The new functions: friends.getLists and
friends.getListsMembers, suggests that Facebook may be about to roll
out the ability for users to group their Facebook friends into
categories such as ‘professional’, ‘family’, ‘close friends’ etc., from
which different levels of profile access could be applied. The next
logical step would then be to add some of the functionality of a
dedicated professional social networking site (LinkedIn, for example)
in a way that would allow for a user’s social and professional online
presence to be kept separate, but both hosted and managed within
Facebook.
From Inside Facebook:
This could dramatically simplify privacy controls. Right
now, users manage privacy settings per-feature or by managing their
Limited Profile list. The addition of Friend Lists means one can now
much more flexibly and powerfully manage privacy settings per List.
Work friends see one portion of your profile, personal friends see
another, best friends see yet another.This will be a welcome change for everyone whose LinkedIn networks
have migrated to Facebook. Consequently, this could mean accelerated
LinkedIn attrition: per-Friend-List privacy settings could
substantially decrease the need of many to actively maintain their
LinkedIn accounts as well.
As I’ve mentioned in a previous post (’LinkedIn vs Facebook: room for both?‘)
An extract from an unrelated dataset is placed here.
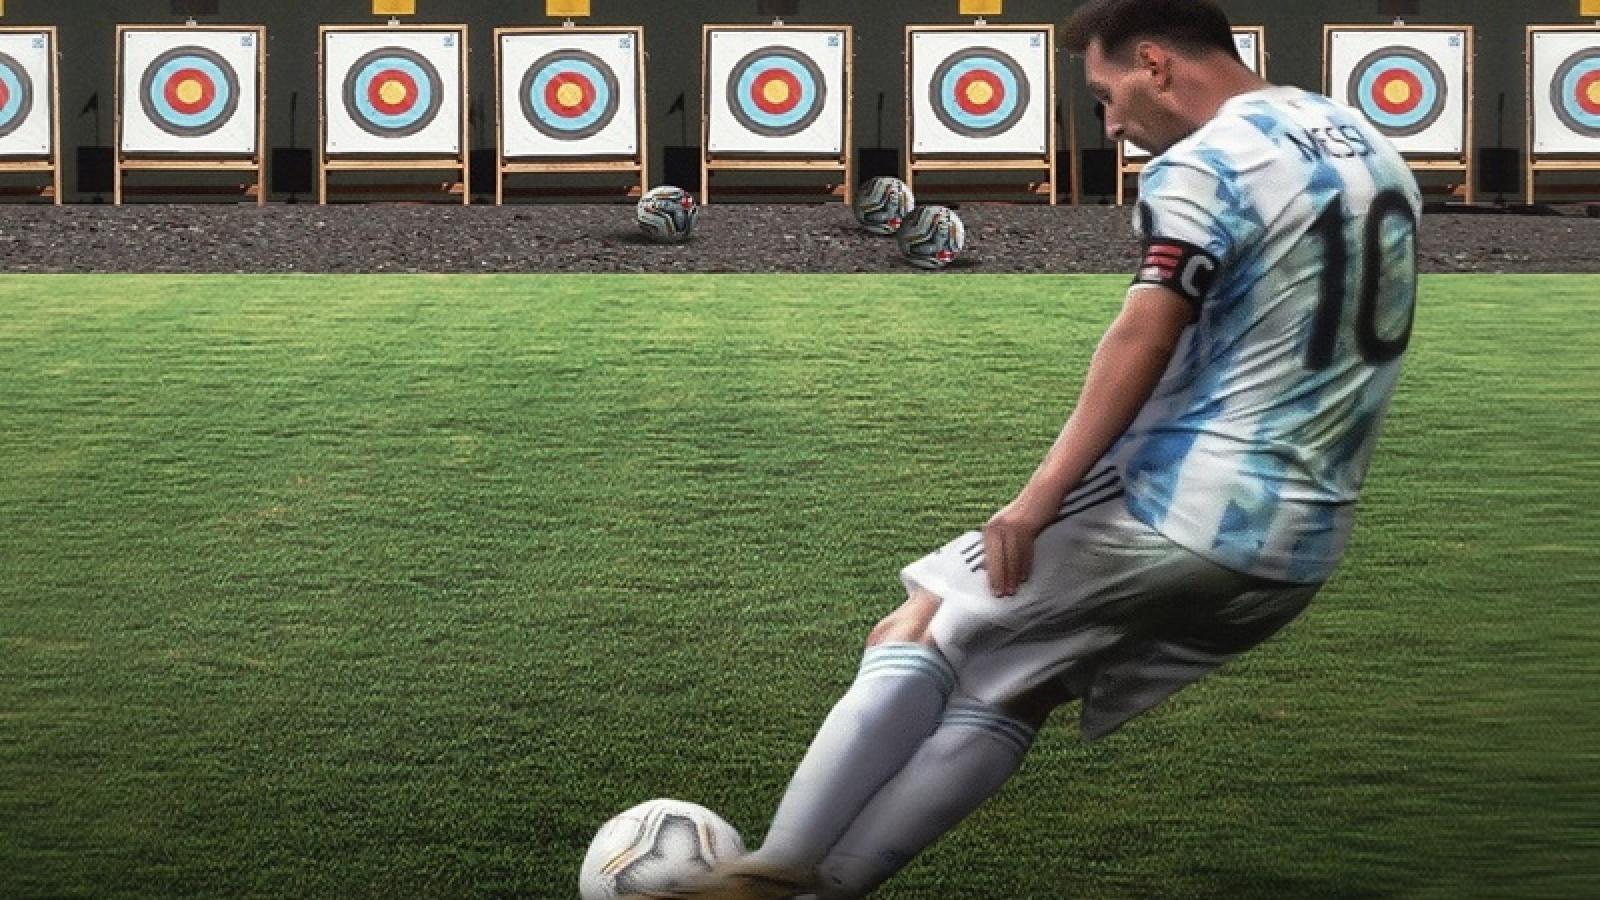 Vũ trụ bóng đá ngược đời: Messi, Ronaldo rủ nhau đi thi Olympic

my social network on Facebook already mirrors (and surpasses) my
professional network on LinkedIn. All that is required to negate much
of the need to ever log-in to LinkedIn again is the option to group
Facebook “friends” into defined categories, with different levels of
access and some specific professional networking features. With regards
to the latter, many third-party Facebook apps already exist which add
features designed to support professional networking or mimic key
LinkedIn features such as recruitment, Q&A, resumes etc. In fact,
LinkedIn itself launched a Facebook app
to enable company job openings to be advertised through Facebook
(although, users have requested much greater integration between the
two networks).
If Facebook does add functionality to make it easy for users to add
a degree of separation between their social and professional networks,
as well as a public-facing ‘resume’ type page (which can be viewed
without needing to be logged-in), then I find it hard to see how
LinkedIn etc. will stay relevant.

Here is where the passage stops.